This was after delivering the biannual Monetary Policy Report at the Central Bank, Port of Spain, yesterday.
Williams’s downward revision comes on the heels on the International Monetary Fund’s (IMF) projection that the economy is expected to grow some 1.7 per cent for 2012.
“Data for the first quarter of 2012 do not yet validate this optimism, as a further, albeit small, decline in real GDP may have occurred,” he said.
The economy, Williams said, is not growing as envisaged, noting contraction by 2.6 per cent in the third and fourth quarters of 2011.
Williams had earlier noted that the United Kingdom is in technical recession because of two quarters of economic decline.
Is T&T also in recession, he was asked.
Williams refused to use the “R” word.
“I am not sure you can translate these concepts mechanically from developed to developing countries.

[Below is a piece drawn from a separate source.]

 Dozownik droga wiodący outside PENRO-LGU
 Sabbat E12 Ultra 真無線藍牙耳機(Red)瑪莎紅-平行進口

Our situation is more serious. We’ve had negative growth for three years. That’s the issue. It’s not so much the quarterly variation. We’ve had negative growth for three years. That’s our challenge: how do we get out of that slump,” he explained.
Is “slump” the same as recession, the Governor was asked. Once again, he refused to make a definitive statement.
“You want me to say the ‘R’ word? The economy has been in a slump. We are waiting on the recovery and the recovery is a bit delayed. Let’s put it like that,” he said.
The “steeper” than anticipated drop in the energy sector, he said, had a lot to do with bank’s revision.
For instance:
• Oil Production: now 80,673 barrels a day; an 18 per cent decline from 2010;
• LNG output down 16.5 per cent; natural gas liquids declined by 16.1 per cent;
In the non-energy sector, Williams noted that output of the construction and manufacturing sectors was negatively impacted by industrial action at Trinidad Cement Ltd (TCL), which significantly reduced output and sale of cement in the quarter.
While the onus has remained on the Government to stimulate the flagging economy, Williams noted that its fiscal plans, through its Public Sector Investment Programme (PSIP), have not provided the stimulus to economic activity.
Fiscal operations, to date, have produced a surplus of $2.8 billion compared with a deficit of $207 million for the corresponding period last year.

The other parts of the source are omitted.